None of this is as straightforward as it seems.

A "for" loop in Python isn't particularly cheap. It compiles to some static overhead to set up the iterator, then each loop iteration compiles to the "FOR_ITER" opcode, a "STORE_FAST" opcode to assign the iteration value to a variable, and the body of the loop.

"FOR_ITER" calls the "__next__()" method of the iterator (which is on top of the interpreter object stack), catches the StopIteration exception to know when to terminate the loop (by jumping past the loop body), and stores the iterator value to the top of the stack. What "__next__()" does is totally opaque - we don't know what kind of object A is - but since we've added the overhead of a function call already it wouldn't matter if it was a super tight bit of machine code, we're already paying a (relatively) hefty runtime cost.

A particularly bad implementation of "__next__()" for some custom iterable collection might be so stupid as to walk through the collection until it reaches the current index's item and returns that, so "for value in A" could in fact be O(n^2).
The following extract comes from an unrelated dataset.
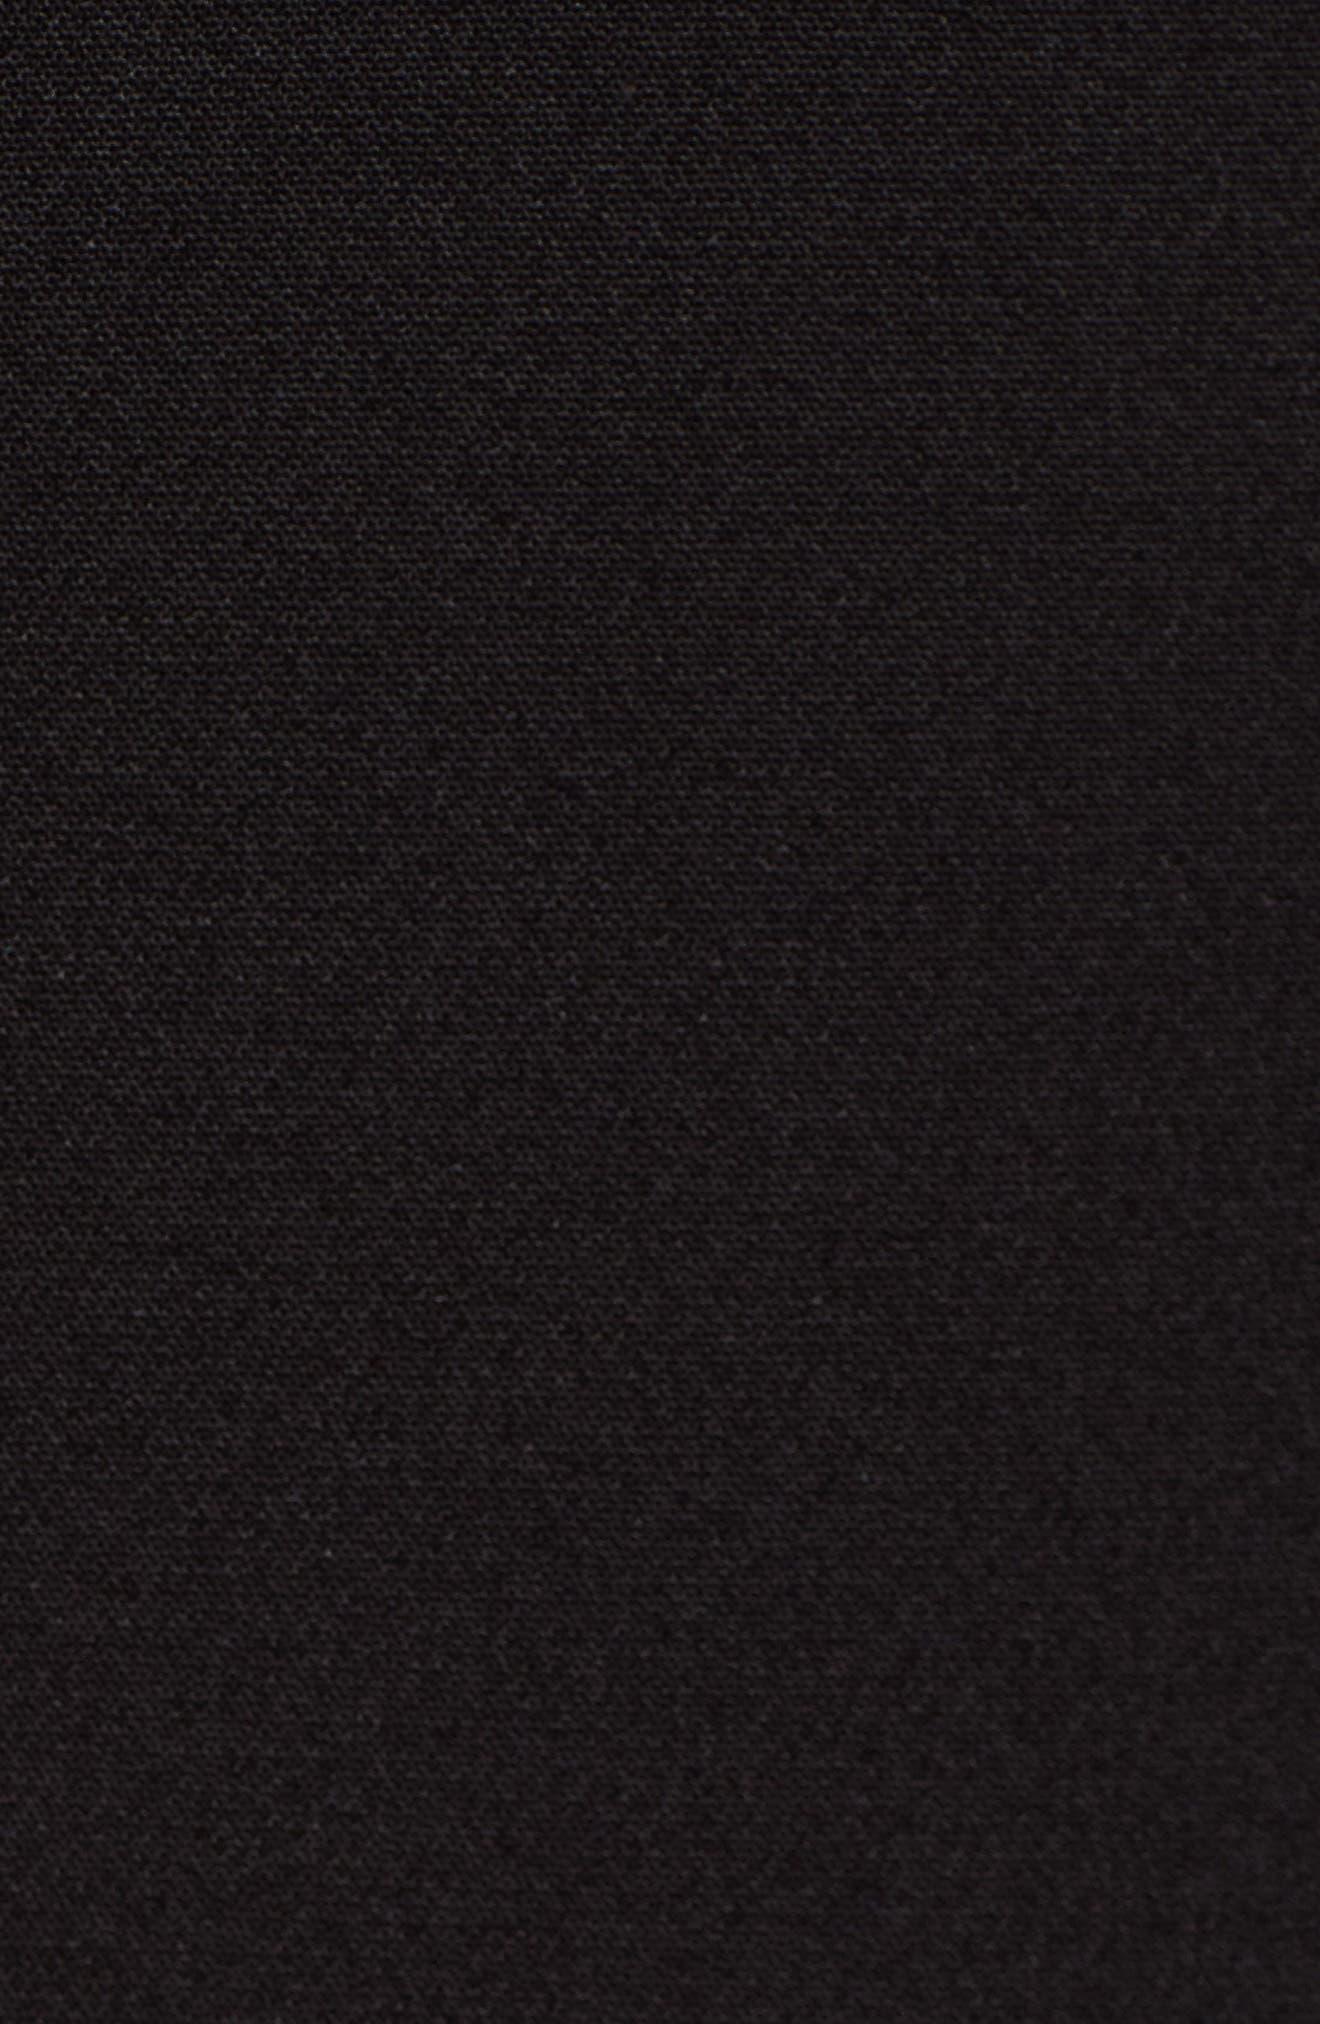 Slim Pants,                             Alternate thumbnail 5, color,                             BLACK TECH

Plus, "result ^= A[value-1]" is substantially more work than "result ^= value", so even just on the loop bodies the two examples aren't very similar at all. Evaluating "A[value-1]" may wind up calling a "__getitem__()" method on A.

If A is, say, a linked list or binary tree, iterating it is very cheap but indexing it is O(n), so the second loop might be O(n^2) where the first is O(n).

So maybe we be a bit more Pythonic, and do:

    for i, value in enumerate(A)
        result ^= i
        result ^= value

Why would this matter for speed? I don't know. Unless 'n' is pretty big a human won't even notice the execution time of any of this code.